*DATA SECTION:*
Start of Block

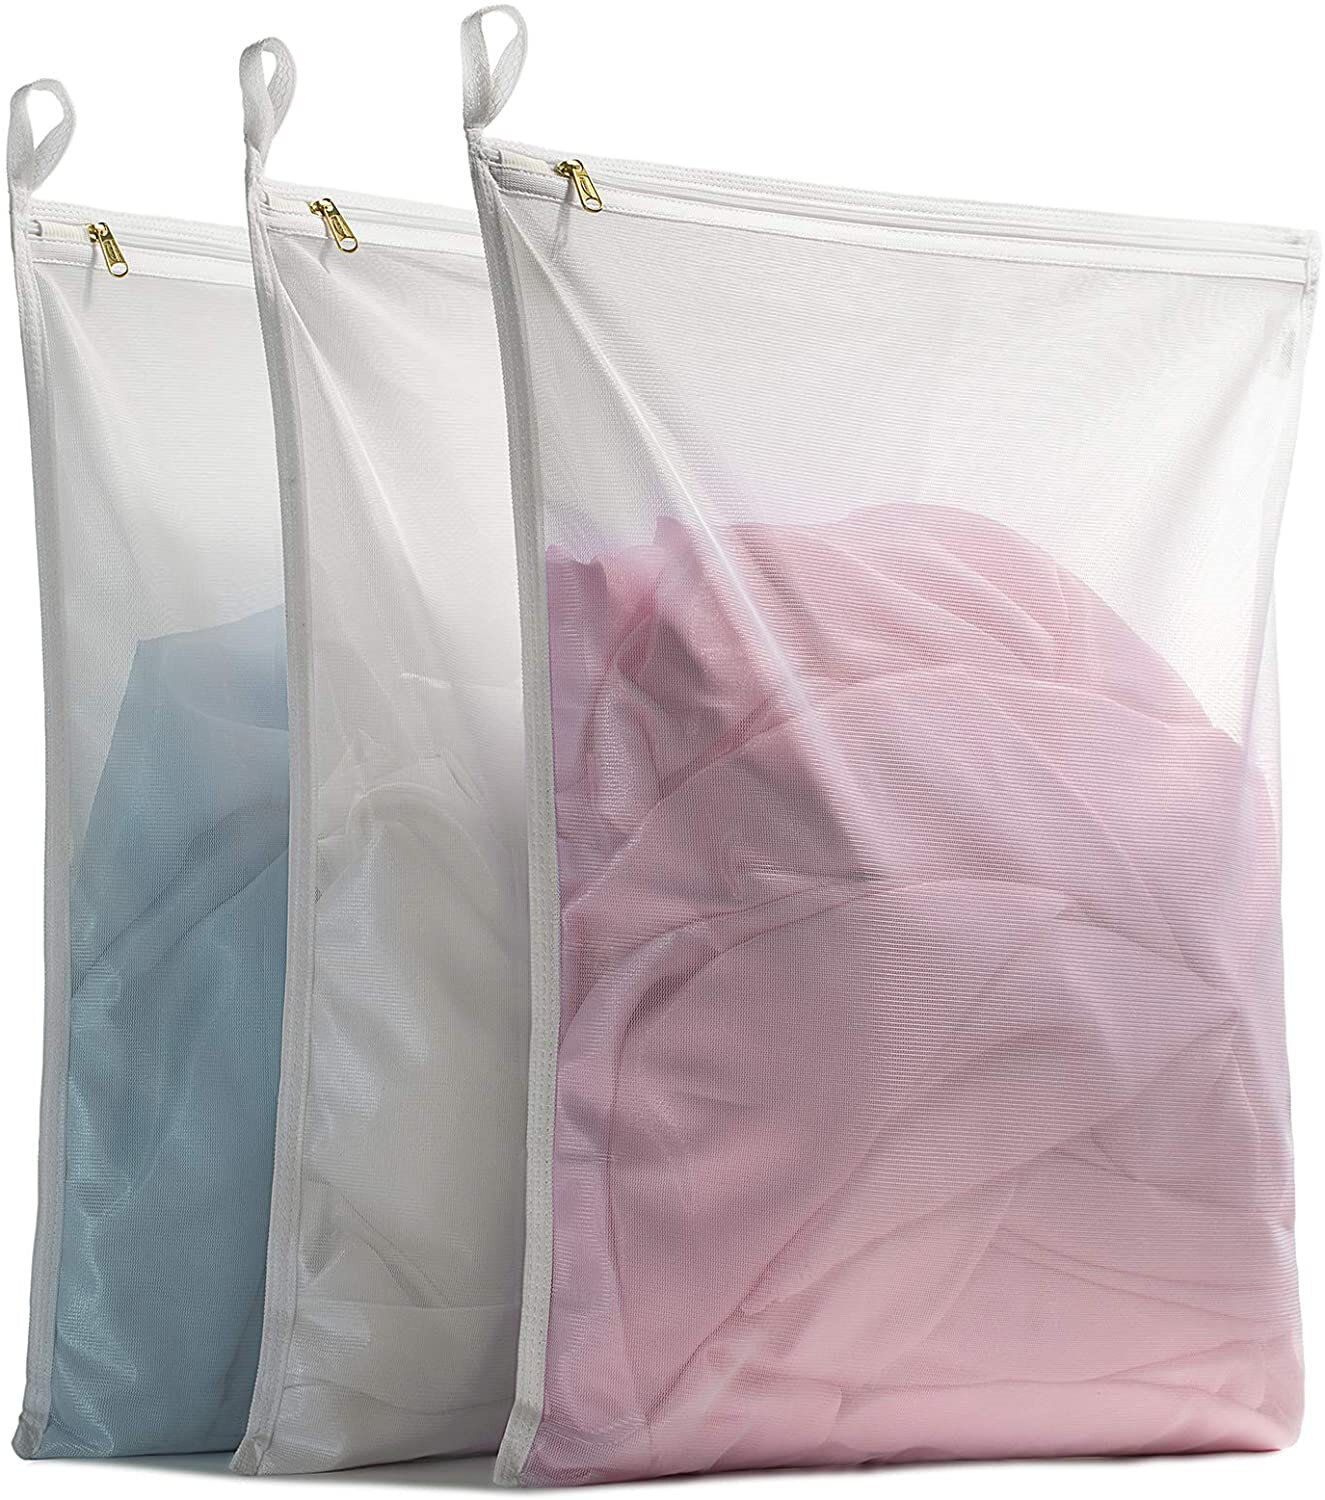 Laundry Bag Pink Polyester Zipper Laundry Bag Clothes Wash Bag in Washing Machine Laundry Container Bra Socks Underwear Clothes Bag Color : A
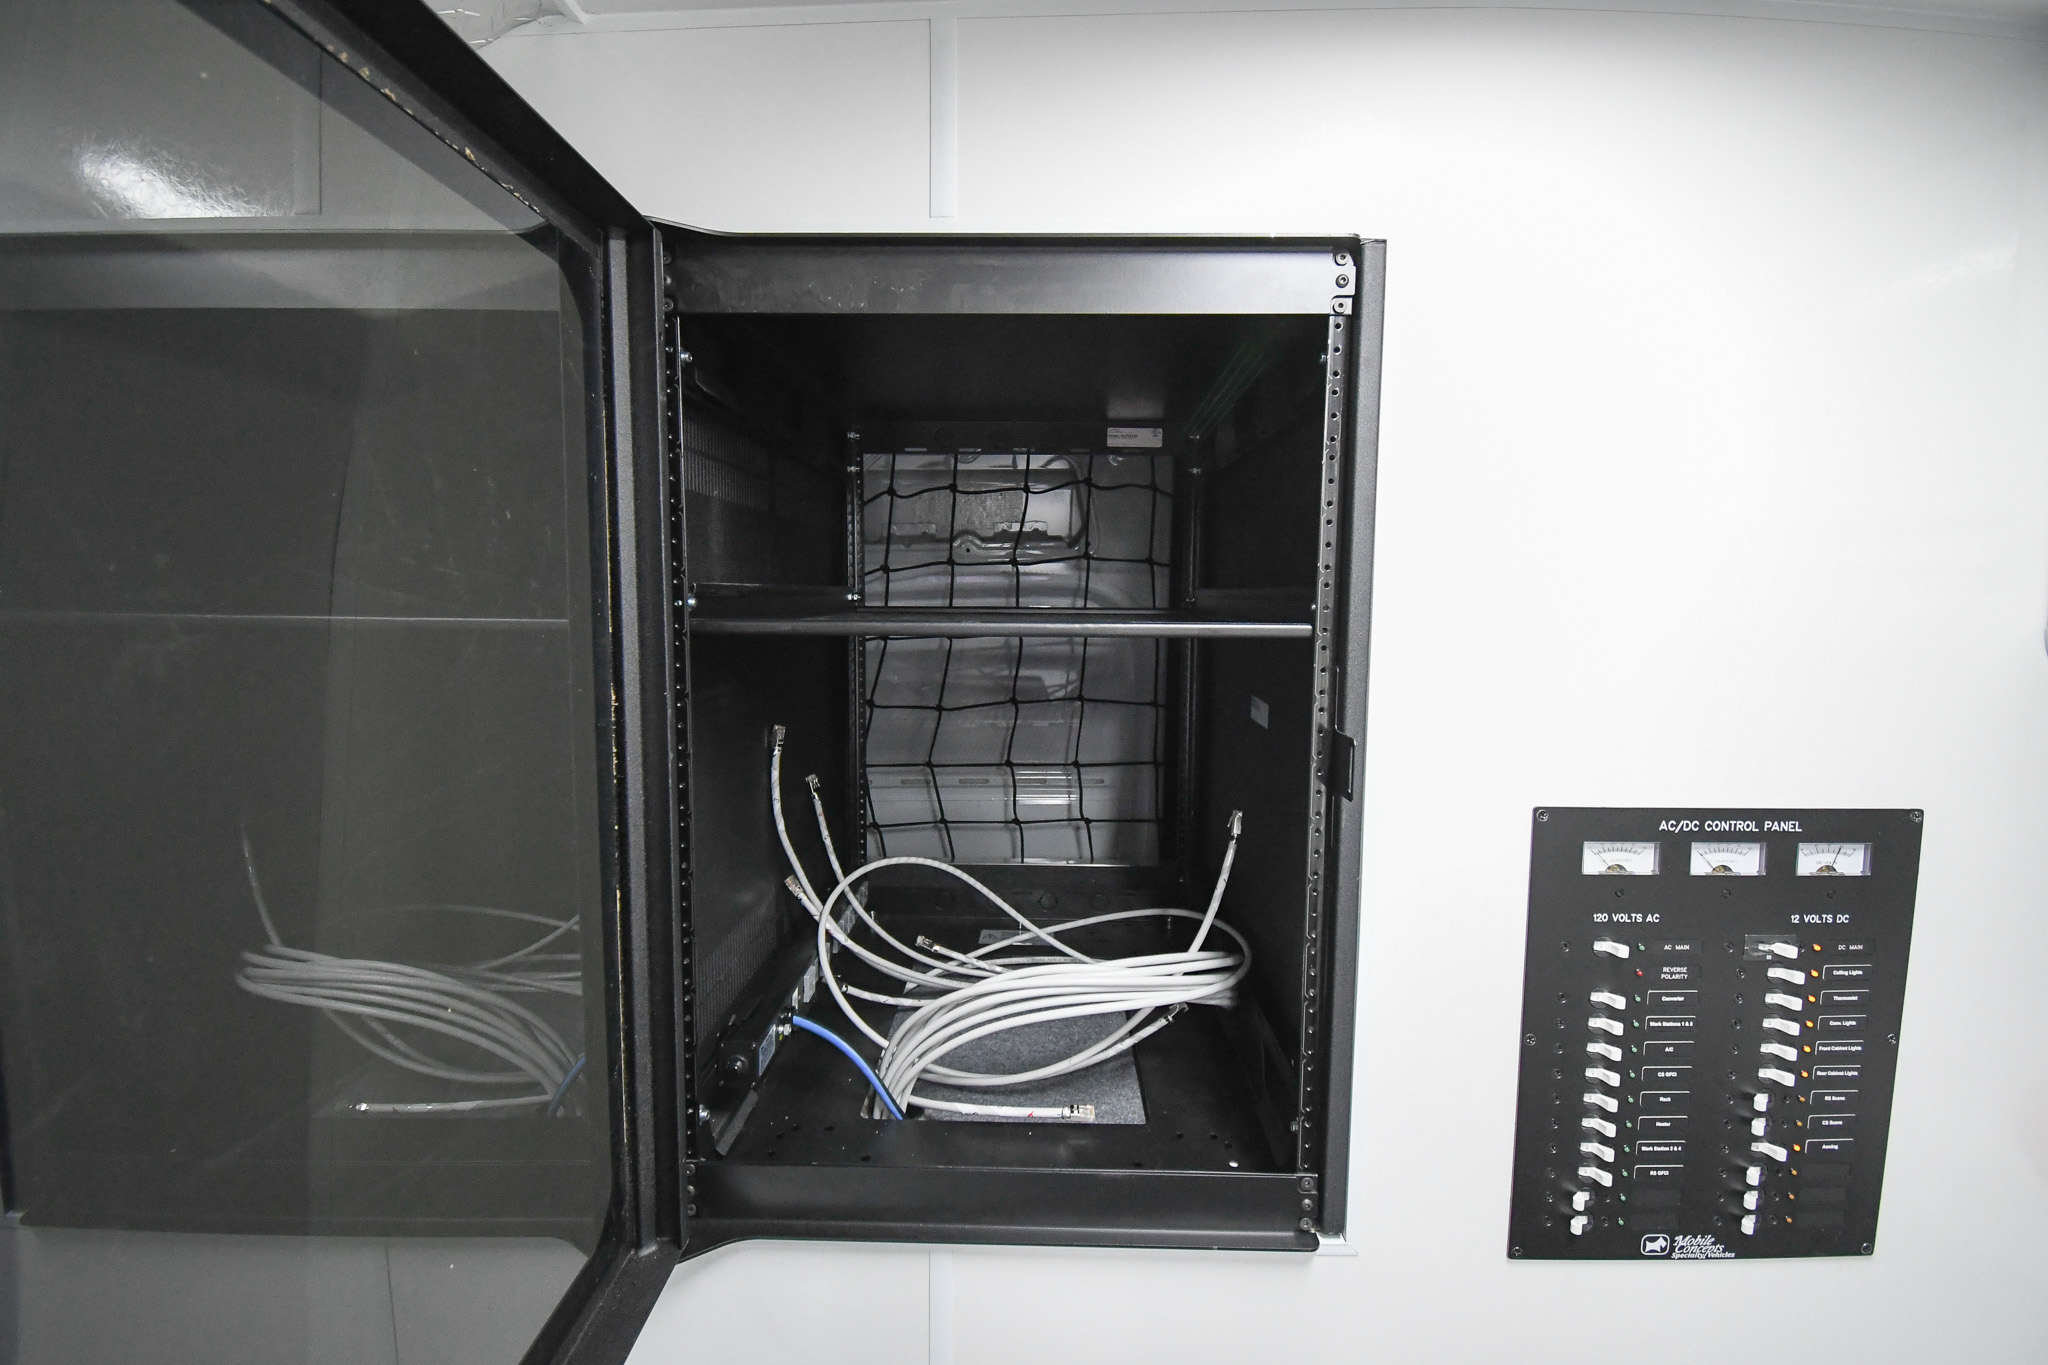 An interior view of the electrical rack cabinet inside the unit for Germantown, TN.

End of Block
Start of Block

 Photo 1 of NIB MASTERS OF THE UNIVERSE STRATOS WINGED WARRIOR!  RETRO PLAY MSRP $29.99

End of Block
Start of Block

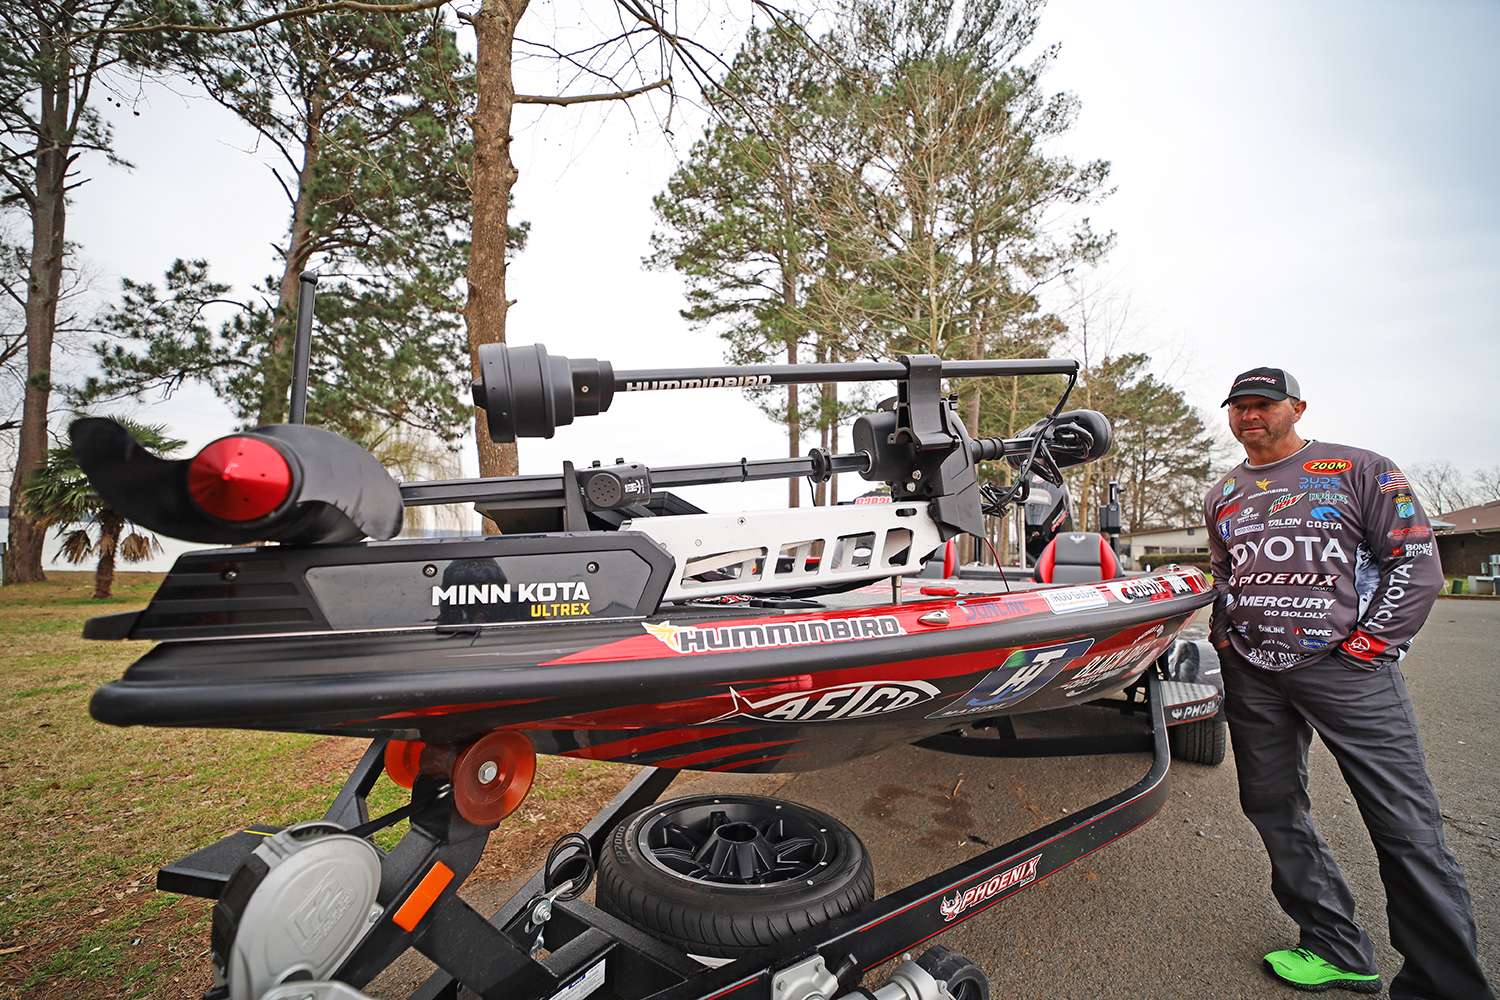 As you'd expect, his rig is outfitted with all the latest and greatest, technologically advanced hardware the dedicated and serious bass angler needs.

End of Block

*PROBLEM STATEMENT:* Copy out exactly the material that runs from the line with "Laundry Bag Pink" to the line with "An interior view", ends included, and leave the pictures behind.

*RESULT OF THIS TASK:*
 Laundry Bag Pink Polyester Zipper Laundry Bag Clothes Wash Bag in Washing Machine Laundry Container Bra Socks Underwear Clothes Bag Color : A
 An interior view of the electrical rack cabinet inside the unit for Germantown, TN.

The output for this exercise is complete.